Are you ready to dive into the world of audio applications powered by artificial intelligence? If so, Diart is the python framework you need! This framework enables the creation of real-time audio applications that can distinguish between different speakers during conversations— a process known as speaker diarization. Let’s get started!
Quick Overview of Diart
Diart is designed to streamline the development of AI-driven audio applications. Here’s what you can do with it:
- Recognize different speakers during conversations
- Create custom AI pipelines
- Benchmark and tune your models
- Serve applications on the web using WebSockets
The real-time speaker diarization pipeline combines segmentation and embedding models to improve accuracy as conversations unfold, much like a skilled bartender who knows how to mix drinks better as the party goes on!
Installation Steps
To get Diart up and running, follow these steps:
- Ensure you have the following dependencies installed:
- ffmpeg 4.4
- portaudio == 19.6.X
- libsndfile = 1.2.2
- Setting up the environment:
conda env create -f diartenvironment.yml conda activate diart - Install the package:
pip install diart
Streaming Audio
Once installed, you can stream audio in two primary ways— via command line or within Python scripts.
From the Command Line
To stream a recorded audio conversation, run:
diart.stream pathtoaudio.wav
For live audio using your microphone:
diart.stream microphone
From Python
Here’s how to streamline audio sources and write results to disk:
from diart import SpeakerDiarization
from diart.sources import MicrophoneAudioSource
from diart.inference import StreamingInference
from diart.sinks import RTTMWriter
pipeline = SpeakerDiarization()
mic = MicrophoneAudioSource()
inference = StreamingInference(pipeline, mic, do_plot=True)

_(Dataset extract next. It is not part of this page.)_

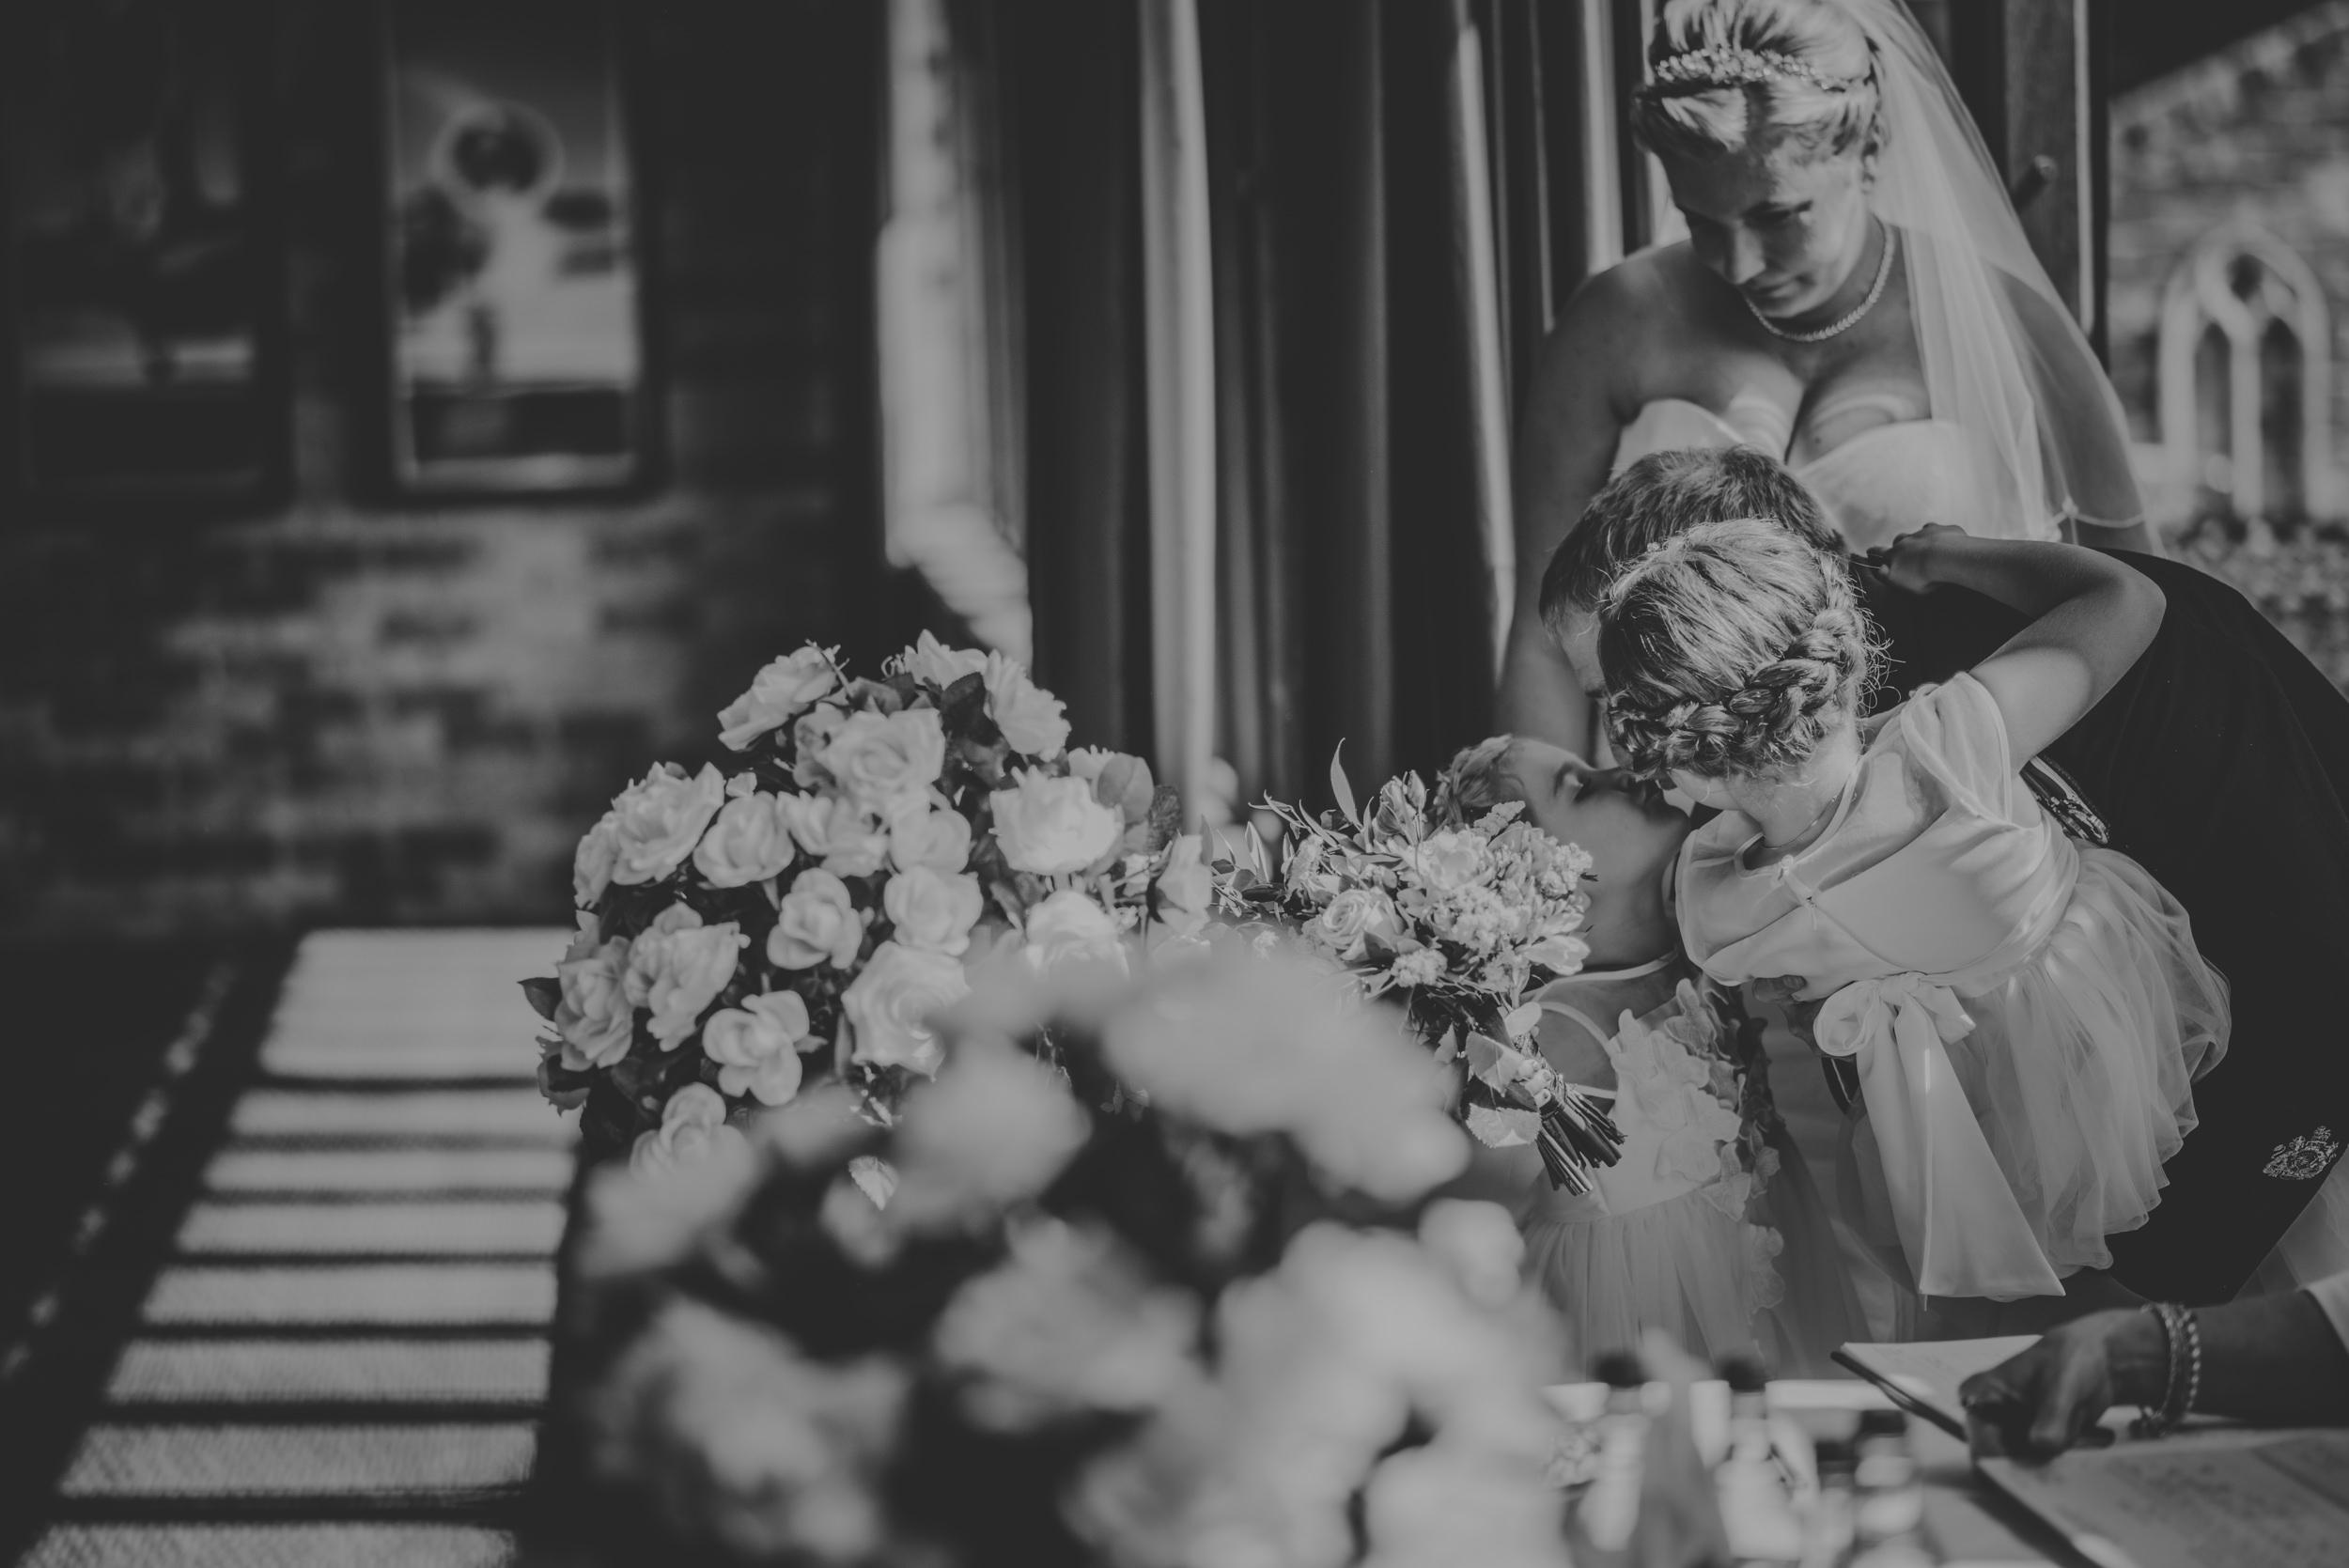 Chantelle-and-Stephen-Old-Thorns-Hotel-Wedding-Liphook-Manu-Mendoza-Wedding-Photography-239.jpg

inference.attach_observers(RTTMWriter(mic.uri, outputfile.rttm))
prediction = inference()
Models
Diart supports multiple models, including pretrained models from Hugging Face. You can use commands to specify segmentation and embedding models directly.
Tuning Hyper-Parameters
Tuning allows you to refine your model’s performance. Here’s how to start tuning from the command line:
diart.tune wavdir --reference rttmdir --output outputdir
Or from Python:
from diart.optim import Optimizer
optimizer = Optimizer(wavdir, rttmdir, outputdir)
optimizer(num_iter=100)
Building Custom Pipelines
Diart gives you the flexibility to create your own custom pipelines. Use the building blocks provided by the framework to design solutions tailored to your needs!
WebSockets
Diart also supports serving pipelines through WebSockets. Here’s how to start a server from the command line:
diart.serve --host 0.0.0.0 --port 7007
Or set up a server with custom parameters via Python:
from diart import SpeakerDiarization
from diart.sources import WebSocketAudioSource
from diart.inference import StreamingInference
pipeline = SpeakerDiarization()
source = WebSocketAudioSource(pipeline.config.sample_rate, localhost, 7007)
inference = StreamingInference(pipeline, source)
inference.attach_hooks(lambda ann_wav: source.send(ann_wav[0].to_rttm()))
prediction = inference()
Troubleshooting
If you run into any issues, consider the following:
- Ensure all dependencies are correctly installed.
- Check your microphone permissions.
- Verify that your audio files are in the correct format.
For more insights, updates, or to collaborate on AI development projects, stay connected with fxis.ai.
Conclusion
Diart is a powerful framework for creating audio applications that leverage AI. Whether you’re looking to build your own pipelines or utilize pre-trained models, the steps outlined above will get you moving in the right direction.
At fxis.ai, we believe that such advancements are crucial for the future of AI, as they enable more comprehensive and effective solutions. Our team is continually exploring new methodologies to push the envelope in artificial intelligence, ensuring that our clients benefit from the latest technological innovations.